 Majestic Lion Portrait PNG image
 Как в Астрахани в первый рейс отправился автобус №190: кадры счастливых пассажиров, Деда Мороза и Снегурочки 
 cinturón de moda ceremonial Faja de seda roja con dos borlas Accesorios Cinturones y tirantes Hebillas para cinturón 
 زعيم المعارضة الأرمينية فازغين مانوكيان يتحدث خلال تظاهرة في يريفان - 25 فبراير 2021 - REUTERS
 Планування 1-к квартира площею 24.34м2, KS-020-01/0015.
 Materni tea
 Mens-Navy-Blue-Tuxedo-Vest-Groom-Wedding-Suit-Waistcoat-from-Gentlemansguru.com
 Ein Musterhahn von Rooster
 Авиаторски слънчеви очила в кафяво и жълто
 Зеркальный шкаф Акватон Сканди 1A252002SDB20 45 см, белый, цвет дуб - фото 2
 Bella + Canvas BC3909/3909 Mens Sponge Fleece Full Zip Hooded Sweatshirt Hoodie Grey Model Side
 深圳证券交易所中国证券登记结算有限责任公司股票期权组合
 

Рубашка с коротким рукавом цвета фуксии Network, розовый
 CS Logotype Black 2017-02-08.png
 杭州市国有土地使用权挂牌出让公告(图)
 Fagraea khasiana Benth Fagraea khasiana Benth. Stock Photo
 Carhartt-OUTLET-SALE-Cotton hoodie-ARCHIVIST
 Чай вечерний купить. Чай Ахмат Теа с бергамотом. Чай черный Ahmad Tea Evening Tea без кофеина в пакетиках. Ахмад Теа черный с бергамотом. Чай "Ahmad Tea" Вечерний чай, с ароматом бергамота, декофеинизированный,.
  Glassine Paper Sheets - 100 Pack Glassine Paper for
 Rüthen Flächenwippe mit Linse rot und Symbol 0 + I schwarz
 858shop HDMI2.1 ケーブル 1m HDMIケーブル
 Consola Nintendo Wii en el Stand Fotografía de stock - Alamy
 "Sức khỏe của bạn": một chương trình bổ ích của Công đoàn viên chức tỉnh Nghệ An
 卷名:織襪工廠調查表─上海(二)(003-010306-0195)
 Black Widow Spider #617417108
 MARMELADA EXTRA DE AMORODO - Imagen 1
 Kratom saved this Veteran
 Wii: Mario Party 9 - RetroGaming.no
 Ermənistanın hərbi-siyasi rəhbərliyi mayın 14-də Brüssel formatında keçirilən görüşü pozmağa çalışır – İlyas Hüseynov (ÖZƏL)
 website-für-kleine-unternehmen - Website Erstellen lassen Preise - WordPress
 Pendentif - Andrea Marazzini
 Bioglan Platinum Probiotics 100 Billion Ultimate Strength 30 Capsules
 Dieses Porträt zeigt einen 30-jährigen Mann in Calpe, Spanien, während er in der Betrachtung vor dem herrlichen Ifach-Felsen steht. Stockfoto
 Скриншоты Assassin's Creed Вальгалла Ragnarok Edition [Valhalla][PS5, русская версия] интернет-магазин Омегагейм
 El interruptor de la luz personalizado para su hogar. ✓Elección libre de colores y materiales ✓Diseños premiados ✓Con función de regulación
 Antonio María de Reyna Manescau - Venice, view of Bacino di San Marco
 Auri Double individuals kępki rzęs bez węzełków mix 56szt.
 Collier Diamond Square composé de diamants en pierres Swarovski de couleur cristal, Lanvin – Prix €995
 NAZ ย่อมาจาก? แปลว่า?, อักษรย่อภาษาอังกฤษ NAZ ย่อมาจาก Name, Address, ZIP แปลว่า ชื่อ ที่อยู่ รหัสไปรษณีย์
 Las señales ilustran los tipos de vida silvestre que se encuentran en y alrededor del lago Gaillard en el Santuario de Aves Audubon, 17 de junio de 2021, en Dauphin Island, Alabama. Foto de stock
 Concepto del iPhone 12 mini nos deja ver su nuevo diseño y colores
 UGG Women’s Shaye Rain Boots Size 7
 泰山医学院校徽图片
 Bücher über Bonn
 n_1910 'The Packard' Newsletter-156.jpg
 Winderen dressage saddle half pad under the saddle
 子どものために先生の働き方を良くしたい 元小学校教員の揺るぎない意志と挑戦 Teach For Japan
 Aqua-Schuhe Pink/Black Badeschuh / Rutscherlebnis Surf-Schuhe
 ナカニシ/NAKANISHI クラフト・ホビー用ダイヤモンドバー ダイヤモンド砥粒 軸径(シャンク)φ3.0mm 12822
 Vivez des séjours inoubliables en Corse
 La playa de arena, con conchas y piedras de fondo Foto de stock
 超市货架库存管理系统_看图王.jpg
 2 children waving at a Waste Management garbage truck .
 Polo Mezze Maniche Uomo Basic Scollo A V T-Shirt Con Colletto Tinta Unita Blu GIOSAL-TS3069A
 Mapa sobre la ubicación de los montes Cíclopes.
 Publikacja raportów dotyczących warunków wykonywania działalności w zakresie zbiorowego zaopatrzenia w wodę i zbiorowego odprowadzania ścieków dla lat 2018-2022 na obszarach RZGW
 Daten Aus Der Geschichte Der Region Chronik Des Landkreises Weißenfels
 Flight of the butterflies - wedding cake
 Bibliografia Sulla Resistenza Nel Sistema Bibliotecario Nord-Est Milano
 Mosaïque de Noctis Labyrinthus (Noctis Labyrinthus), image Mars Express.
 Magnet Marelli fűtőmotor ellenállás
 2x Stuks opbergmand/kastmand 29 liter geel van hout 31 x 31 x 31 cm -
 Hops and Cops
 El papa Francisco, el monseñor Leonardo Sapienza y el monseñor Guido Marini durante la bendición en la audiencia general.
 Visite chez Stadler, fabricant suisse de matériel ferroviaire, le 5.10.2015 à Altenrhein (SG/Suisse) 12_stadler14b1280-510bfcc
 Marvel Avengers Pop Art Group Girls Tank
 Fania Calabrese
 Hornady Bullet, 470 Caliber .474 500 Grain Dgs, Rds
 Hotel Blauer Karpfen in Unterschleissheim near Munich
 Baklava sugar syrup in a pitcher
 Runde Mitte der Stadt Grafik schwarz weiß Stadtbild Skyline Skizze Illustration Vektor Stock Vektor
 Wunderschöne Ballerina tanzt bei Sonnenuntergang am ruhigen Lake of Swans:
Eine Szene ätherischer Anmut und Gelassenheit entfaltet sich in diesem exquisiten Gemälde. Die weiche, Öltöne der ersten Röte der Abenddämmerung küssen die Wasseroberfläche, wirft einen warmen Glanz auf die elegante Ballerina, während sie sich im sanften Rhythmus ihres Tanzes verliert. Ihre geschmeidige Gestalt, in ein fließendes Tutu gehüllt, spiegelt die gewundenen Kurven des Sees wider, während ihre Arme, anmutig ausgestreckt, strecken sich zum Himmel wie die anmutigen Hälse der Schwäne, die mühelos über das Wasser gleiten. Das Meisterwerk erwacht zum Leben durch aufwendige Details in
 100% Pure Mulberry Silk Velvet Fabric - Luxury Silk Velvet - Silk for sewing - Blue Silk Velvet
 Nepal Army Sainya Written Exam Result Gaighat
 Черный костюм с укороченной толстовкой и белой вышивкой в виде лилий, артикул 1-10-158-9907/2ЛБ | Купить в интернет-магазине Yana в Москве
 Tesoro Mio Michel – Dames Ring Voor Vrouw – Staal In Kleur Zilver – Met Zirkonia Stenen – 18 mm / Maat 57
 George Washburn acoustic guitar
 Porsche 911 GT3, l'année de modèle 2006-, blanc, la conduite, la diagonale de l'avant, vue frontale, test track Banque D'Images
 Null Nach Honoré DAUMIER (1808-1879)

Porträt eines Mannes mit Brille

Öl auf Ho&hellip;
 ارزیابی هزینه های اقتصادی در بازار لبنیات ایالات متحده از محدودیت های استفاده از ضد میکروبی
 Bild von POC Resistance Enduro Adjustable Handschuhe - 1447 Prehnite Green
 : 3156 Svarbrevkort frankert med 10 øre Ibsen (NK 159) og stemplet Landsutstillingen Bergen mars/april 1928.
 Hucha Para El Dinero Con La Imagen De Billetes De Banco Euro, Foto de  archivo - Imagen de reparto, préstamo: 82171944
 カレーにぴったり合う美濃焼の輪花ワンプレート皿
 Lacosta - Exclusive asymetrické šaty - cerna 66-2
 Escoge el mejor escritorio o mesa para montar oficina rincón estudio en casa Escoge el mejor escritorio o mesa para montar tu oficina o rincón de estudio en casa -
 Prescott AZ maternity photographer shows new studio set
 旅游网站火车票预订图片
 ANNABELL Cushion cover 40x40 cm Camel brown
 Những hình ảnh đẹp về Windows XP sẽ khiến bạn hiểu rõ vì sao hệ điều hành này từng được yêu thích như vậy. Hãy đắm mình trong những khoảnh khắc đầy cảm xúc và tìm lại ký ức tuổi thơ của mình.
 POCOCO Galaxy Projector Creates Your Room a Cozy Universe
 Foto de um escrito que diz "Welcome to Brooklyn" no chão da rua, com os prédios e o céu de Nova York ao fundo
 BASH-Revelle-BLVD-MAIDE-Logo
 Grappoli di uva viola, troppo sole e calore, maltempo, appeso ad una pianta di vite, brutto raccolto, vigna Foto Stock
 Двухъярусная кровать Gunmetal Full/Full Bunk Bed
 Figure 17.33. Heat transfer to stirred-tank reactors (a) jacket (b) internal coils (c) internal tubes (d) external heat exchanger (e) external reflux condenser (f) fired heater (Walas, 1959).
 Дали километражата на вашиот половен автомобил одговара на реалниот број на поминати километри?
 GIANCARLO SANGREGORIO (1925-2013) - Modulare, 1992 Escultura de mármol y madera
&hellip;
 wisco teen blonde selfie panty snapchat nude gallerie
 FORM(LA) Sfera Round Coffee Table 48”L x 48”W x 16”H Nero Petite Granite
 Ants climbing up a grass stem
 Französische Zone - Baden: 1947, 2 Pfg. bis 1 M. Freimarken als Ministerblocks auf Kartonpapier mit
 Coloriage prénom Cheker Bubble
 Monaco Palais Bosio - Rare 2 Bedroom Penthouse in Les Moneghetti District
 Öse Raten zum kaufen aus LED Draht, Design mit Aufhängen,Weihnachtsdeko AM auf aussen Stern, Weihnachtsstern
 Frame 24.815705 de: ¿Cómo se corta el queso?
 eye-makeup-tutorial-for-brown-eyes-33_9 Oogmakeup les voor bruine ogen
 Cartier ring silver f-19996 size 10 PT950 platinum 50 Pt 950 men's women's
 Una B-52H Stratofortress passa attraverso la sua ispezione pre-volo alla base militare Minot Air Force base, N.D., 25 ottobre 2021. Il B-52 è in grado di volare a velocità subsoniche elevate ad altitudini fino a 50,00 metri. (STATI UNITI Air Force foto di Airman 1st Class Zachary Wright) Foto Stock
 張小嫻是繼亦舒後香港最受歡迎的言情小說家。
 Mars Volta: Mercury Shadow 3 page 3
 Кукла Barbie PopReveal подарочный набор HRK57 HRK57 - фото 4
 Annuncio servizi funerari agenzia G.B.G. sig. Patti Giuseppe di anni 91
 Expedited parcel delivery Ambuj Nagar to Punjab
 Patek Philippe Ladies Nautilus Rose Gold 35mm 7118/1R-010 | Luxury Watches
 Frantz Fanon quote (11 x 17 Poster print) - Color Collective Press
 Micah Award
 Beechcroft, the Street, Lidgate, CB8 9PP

* **PROMPT**
All lines above from the one holding "Планування 1-к квартира" to the one holding "Зеркальный шкаф Акватон", inclusive, are to be copied exactly; no other line is wanted.

* **YOUR SOLUTION**
 Планування 1-к квартира площею 24.34м2, KS-020-01/0015.
 Materni tea
 Mens-Navy-Blue-Tuxedo-Vest-Groom-Wedding-Suit-Waistcoat-from-Gentlemansguru.com
 Ein Musterhahn von Rooster
 Авиаторски слънчеви очила в кафяво и жълто
 Зеркальный шкаф Акватон Сканди 1A252002SDB20 45 см, белый, цвет дуб - фото 2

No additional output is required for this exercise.